**Task data**
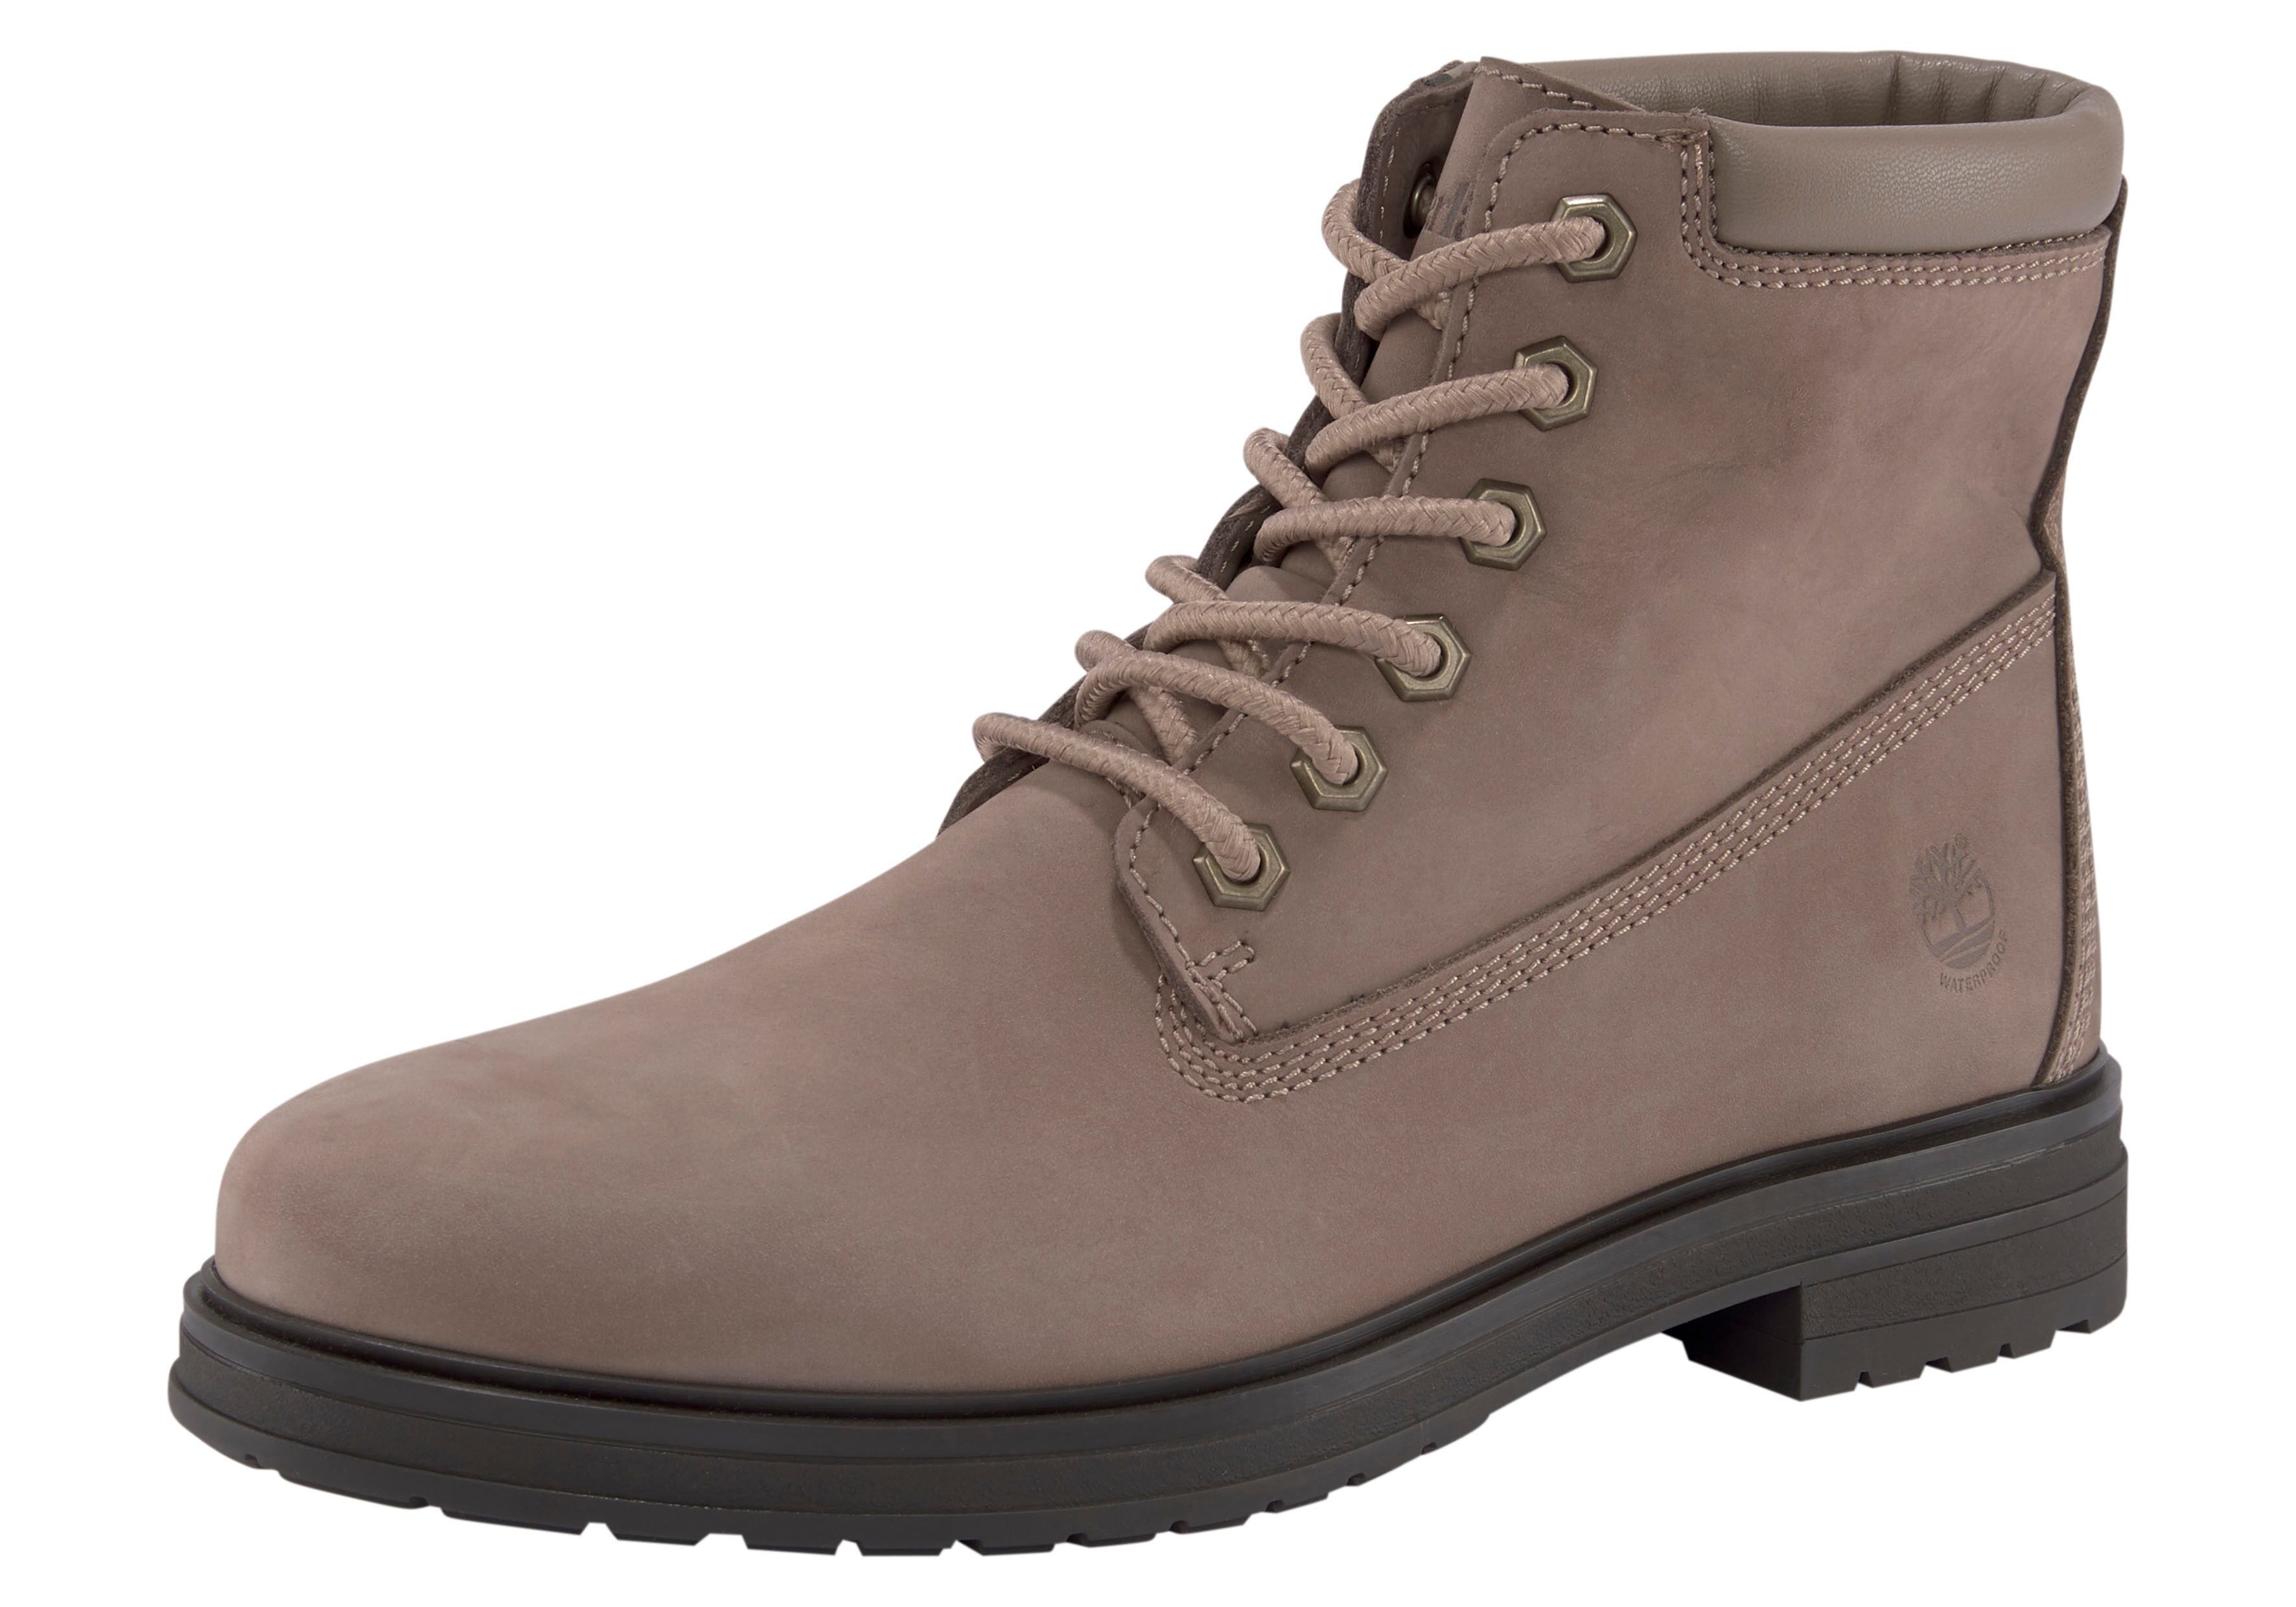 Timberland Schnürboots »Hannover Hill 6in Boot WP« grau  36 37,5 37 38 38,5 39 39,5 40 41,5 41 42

--

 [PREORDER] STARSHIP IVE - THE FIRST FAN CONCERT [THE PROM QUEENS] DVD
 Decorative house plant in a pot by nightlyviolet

...

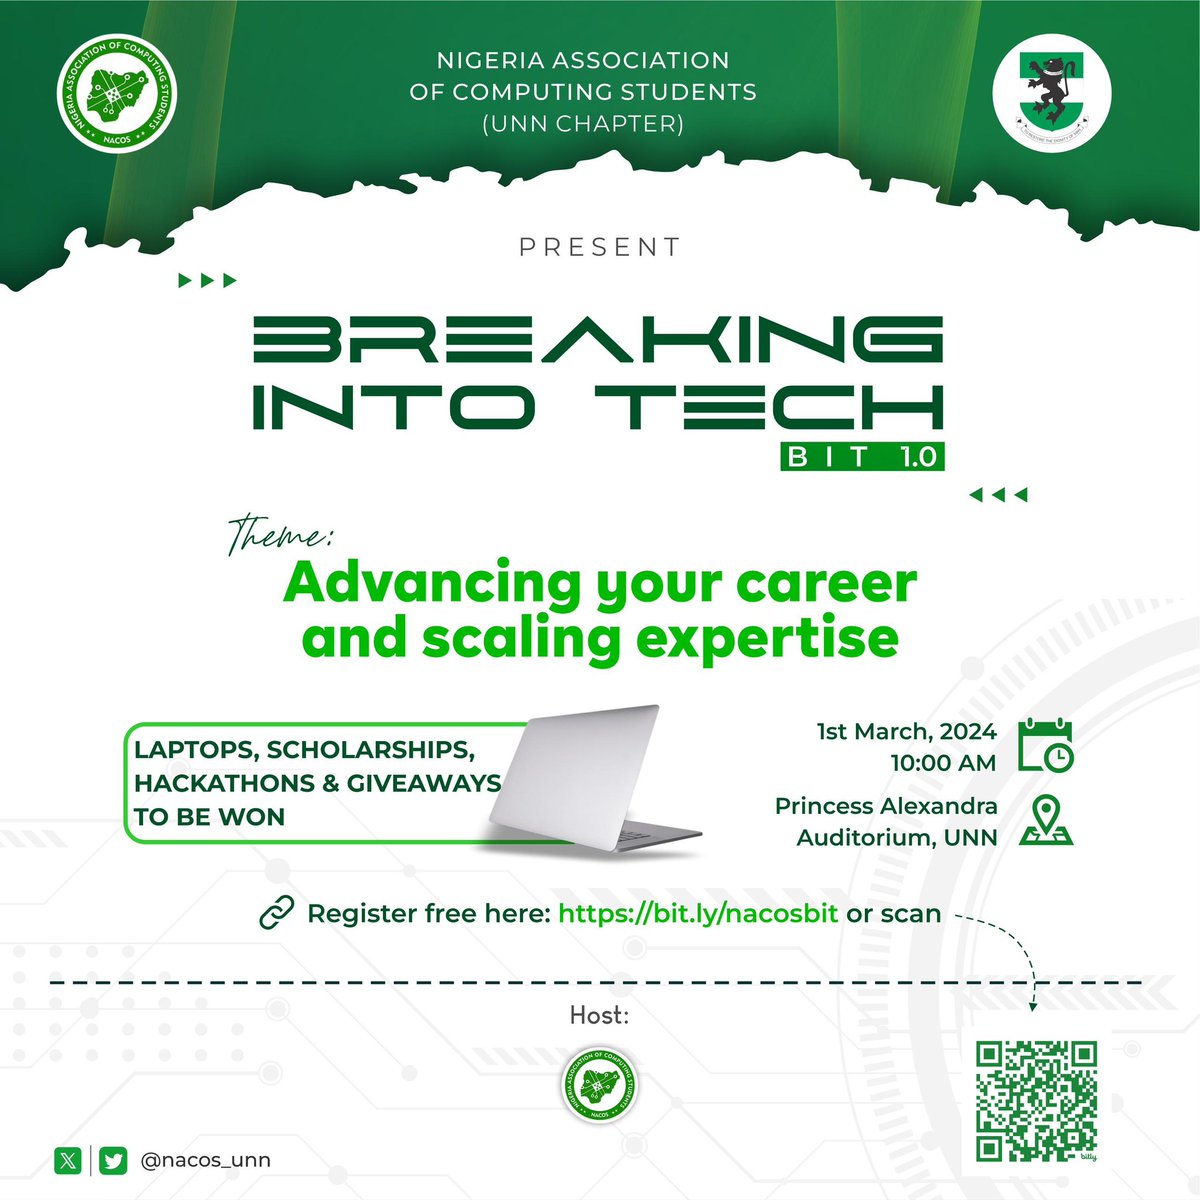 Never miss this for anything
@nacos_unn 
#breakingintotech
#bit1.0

**Instructions for the task**
Reproduce, character for character, only the lines of the preceding data that start at the line with "[PREORDER] STARSHIP IVE" and end at the line with "Decorative house plant", both included.

**Answer for the task**
 [PREORDER] STARSHIP IVE - THE FIRST FAN CONCERT [THE PROM QUEENS] DVD
 Decorative house plant in a pot by nightlyviolet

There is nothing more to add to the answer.